Он внезапно остановился на пороге.

— Время для размышлений прошло, — произнес он. — Настало время решать.

— Я подумаю об этом, — повторил я и затем прибавил: — Если планы этой дамы не совпадут с моими, тогда планы вашего повелителя, может быть, осуществятся. Но не забывайте, священник, что он не мой повелитель.

— Вы не знаете его, — сказал он торжественно.

— Да я и не желаю знать, — возразил я.

Если б я стал описывать мельчайшие подробности всего виденного мною за полдня и полночи, что я был графом Гильомом де Сен-Мор, не хватило бы и десяти книг такого объема, как та, которую я пишу. Многое я должен пропустить; в сущности, я должен пропустить почти все: мне еще не приходилось слышать об отсрочке исполнения приговора для того, чтобы осужденный мог закончить свои записки, по крайней мере, в Калифорнии.

Париж, по которому я проезжал в этот день, был Парижем давно минувших столетий. Узкие улицы были завалены грязью и нечистотами, что было дико для меня. Но я должен пропустить это. Я должен пропустить все события, случившиеся после полудня, прогулку за стенами города, большой праздник, устроенный Гуго де Менгом, пир и попойку, в которых я принял участие. Только о конце приключения скажу я и начну с того, как я стоял, шутливо беседуя с самой Филиппой, — ах, Боже мой, как удивительно прекрасна была она! Знатная дама, да, но прежде всего, после всего и всегда — женщина.

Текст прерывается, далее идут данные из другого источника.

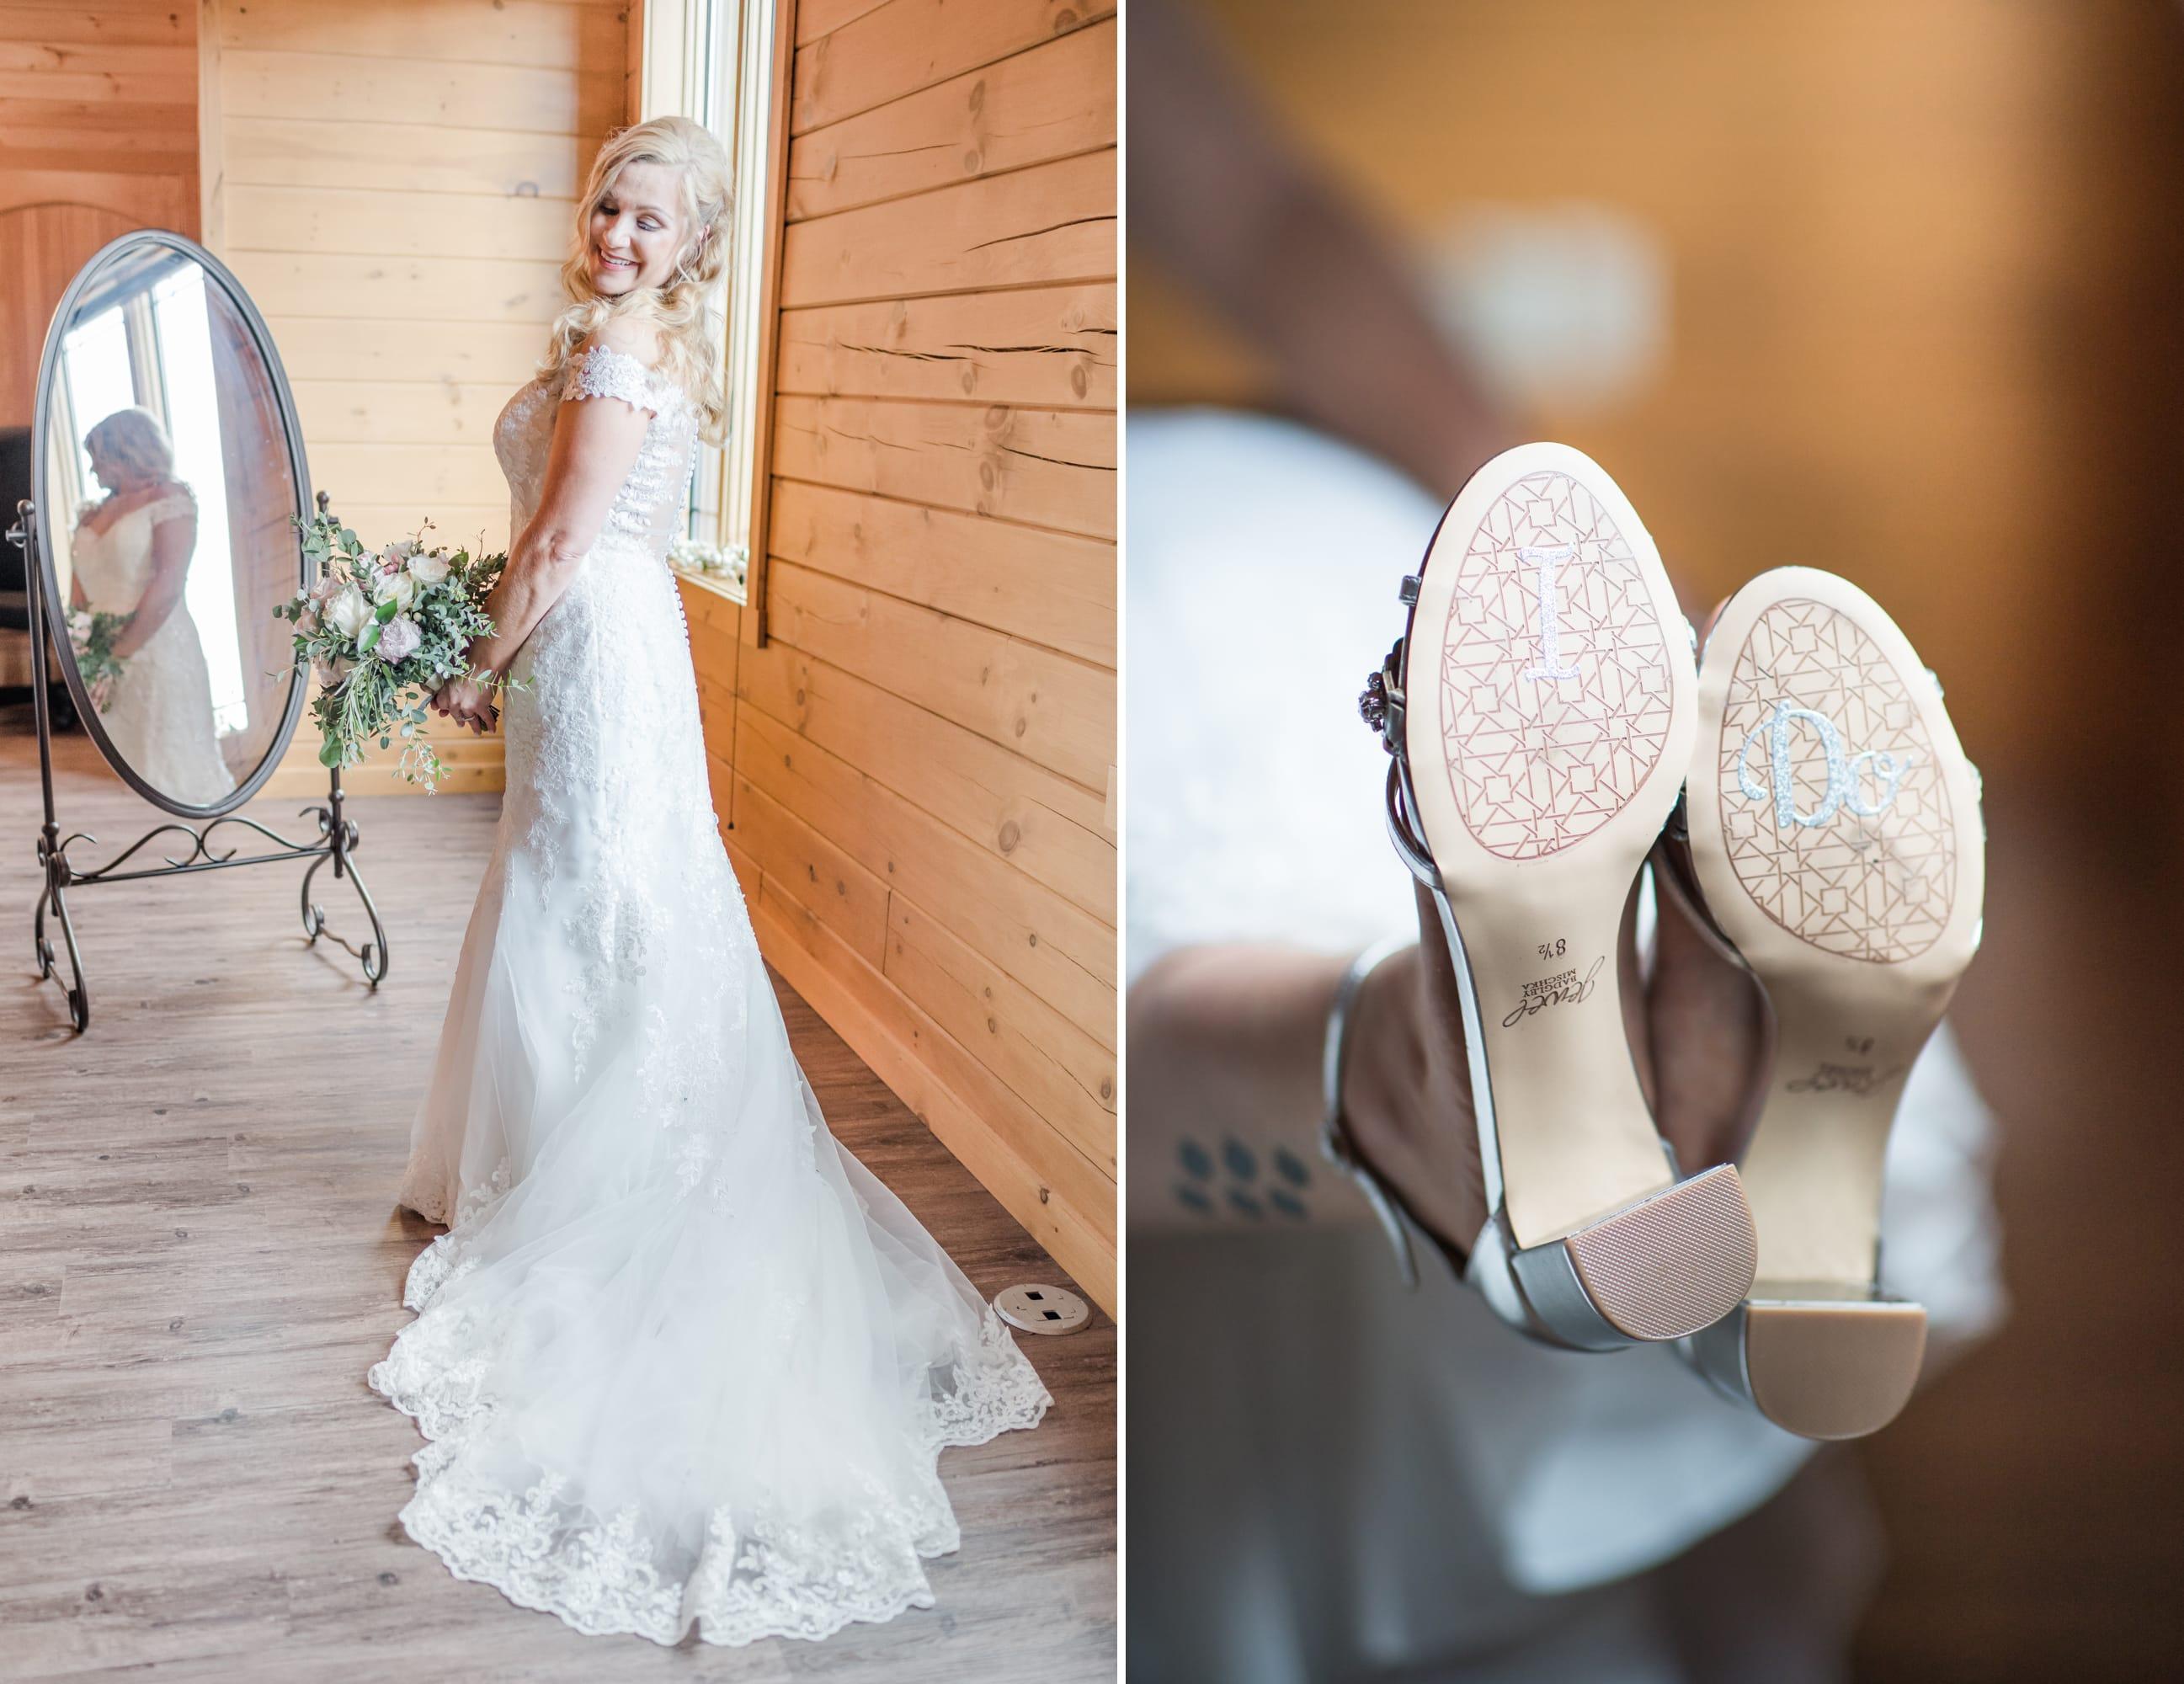 Bridal portrait at Rolling Rails Lodge wedding

Мы смеялись и довольно легкомысленно шутили, чему способствовало веселье окружающей нас толпы; но под этими шутками скрывалась серьезность мужчины и женщины, далеко перешагнувших за порог любви и все-таки не вполне уверенных друг в друге. Не стану описывать ее. Она была невысока, в высшей степени изящна, — но что это, я описываю ее! Короче, она была единственной женщиной на свете, созданной для меня; мало беспокоило меня, что длинная рука седого старца из Рима сможет протянуться через пол-Европы, чтобы воздвигнуть преграду между предназначенной мне женщиной и мной.

Итальянец Фортини коснулся моего плеча и прошептал:

— С вами желают говорить.

— Могут подождать, — ответил я коротко.

— Я не привык ждать, — последовал столь же короткий ответ.

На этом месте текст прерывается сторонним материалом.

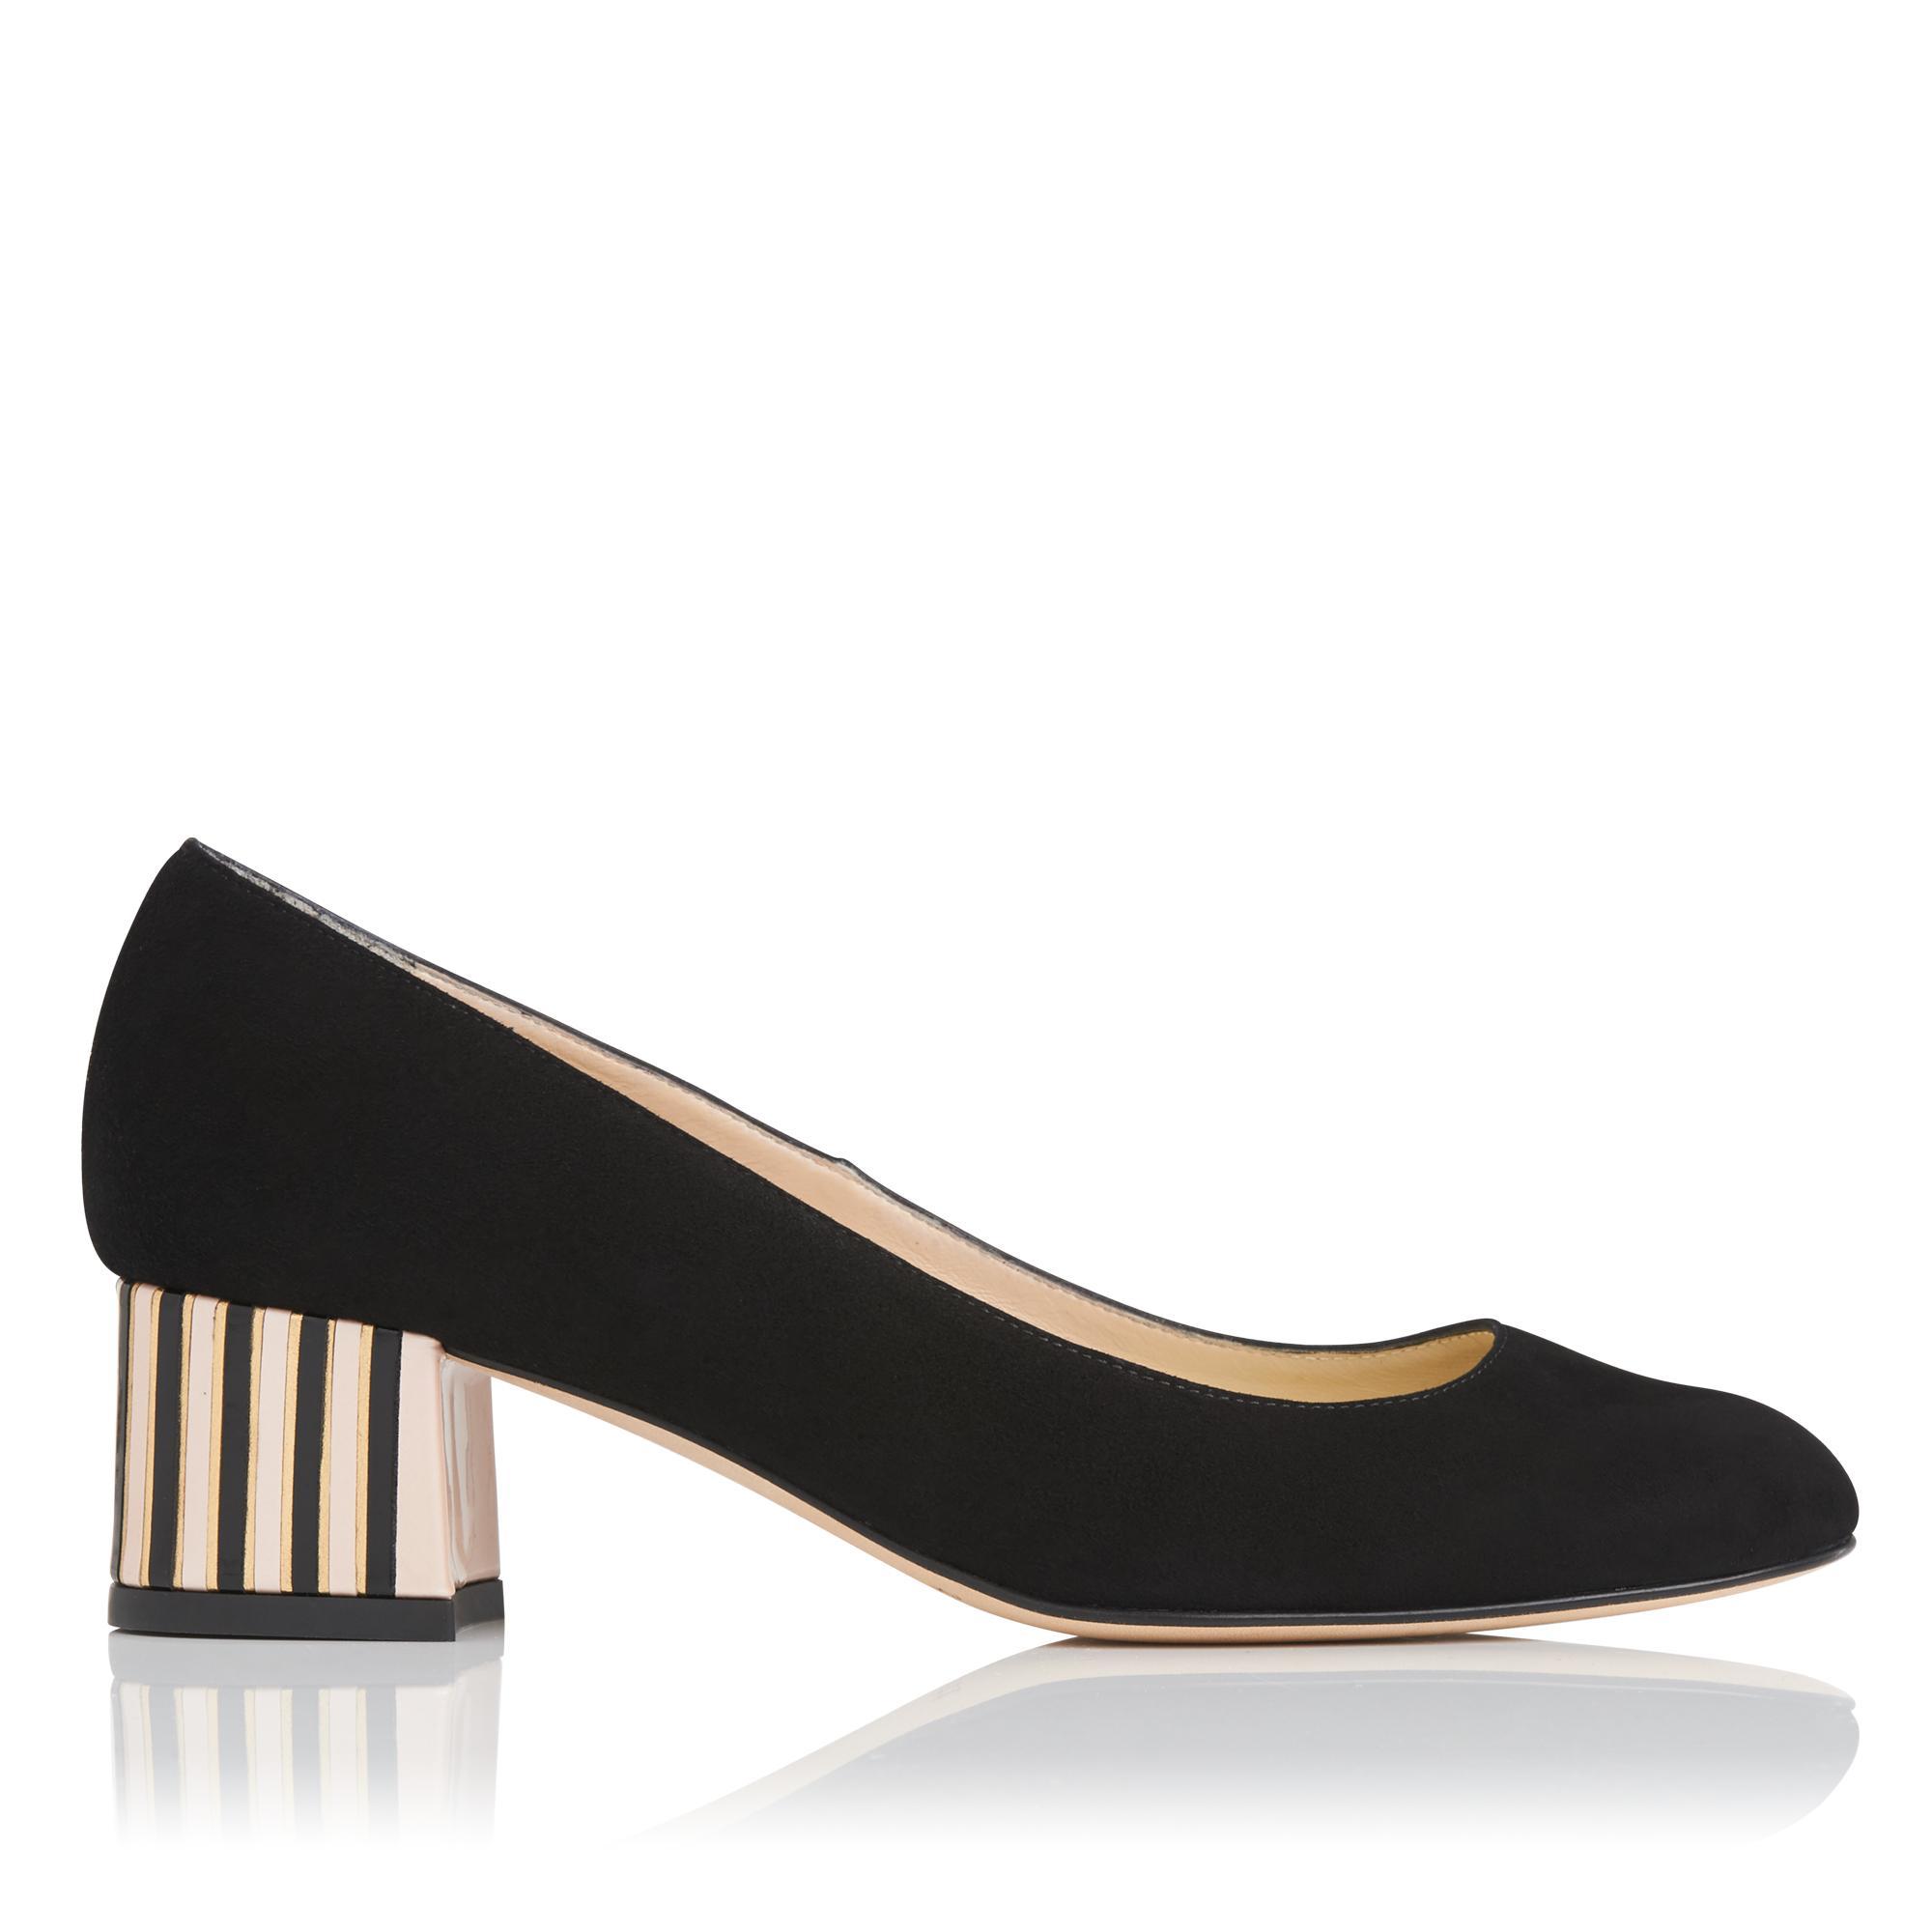 Maisy Black Suede Heel

Кипя негодованием, я вспомнил священника Маринелли и седого старца в Риме. Дело ясно. Что-то затевалось. Та самая длинная рука дотянулась до меня. Фортини лениво улыбался мне, пока я молчал, охваченный этими мыслями, но его улыбка была в высшей степени наглой.

В эту минуту, больше чем когда-либо, мне надлежало сохранять хладнокровие, но древний красный гнев начал бурлить во мне. Так вот что задумал священник! На этот раз он ввел в игру Фортини, выходца из Италии, не имевшего за душой ничего, кроме длинной родословной, считавшегося лучшим бойцом на шпагах за последние два десятка лет. Итак, сегодня это Фортини. Если ему не удастся исполнить приказания седого старца, назавтра мне придется иметь дело с другой шпагой, послезавтра с третьей. И может быть, после ряда неудач на этом пути мои преследователи возьмутся за другое: меня будет ждать удар кинжалом в спину или щепотка яда в вине, мясе или хлебе.

— Я занят, — сказал я. — Оставьте меня.

— У меня к вам спешное дело, — был его ответ.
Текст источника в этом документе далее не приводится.